Court of Appeal finds Self-employed Consultant to be a Worker
The law distinguishes between employees and workers. Employees are afforded a wide range of protections in employment including the right not to be unfairly dismissed. Workers’ rights are more limited but include the right to take paid annual leave and the right not to suffer unlawful deductions from their wages. In Hospital Medical Group (HMG) v Westwood, Mr Westwood was a self-employed consultant who on termination of his agreement, raised a claim in respect of an unlawful deduction from wages and unpaid statutory holidays. The Court of Appeal therefore had to consider whether as self-employed consultant, he could also be a worker.
Mr Westwood was a GP with his own practice.

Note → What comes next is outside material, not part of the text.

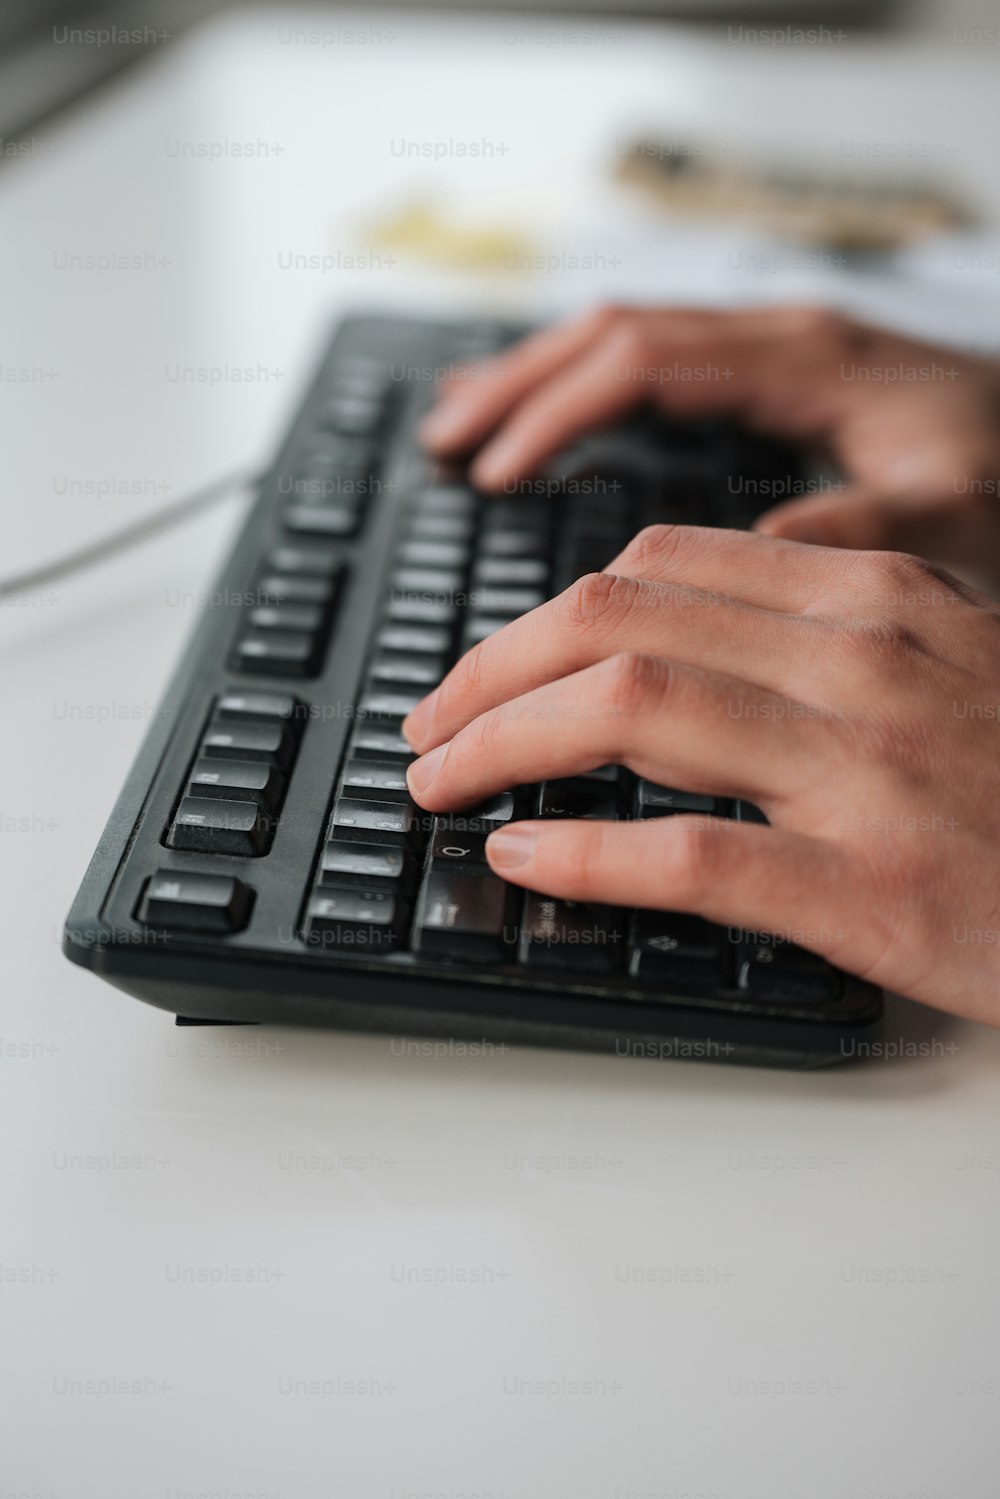 Una persona che digita su una tastiera

He provided services to HMG as a hair restoration surgeon. These services were provided on an exclusive basis. He agreed to a contract for services stating that he was self-employed and submitted invoices for payment. He was responsible for his own tax and could decline any offers of work. HMG featured Mr Westwood in its promotional material. The Court of Appeal found that whilst he was in business on his own account, HMG was not his client or customer. Instead, he was an integral part of HMG’s business. They needed him in order to provide the hair restoration services. He was therefore a worker. In some cases, it will be clear that the business is the client or customer of the self-employed individual in which case the individual cannot be a worker. However, where the individual is heavily relied upon and is integral part of the business the unintended result may be that they are a worker.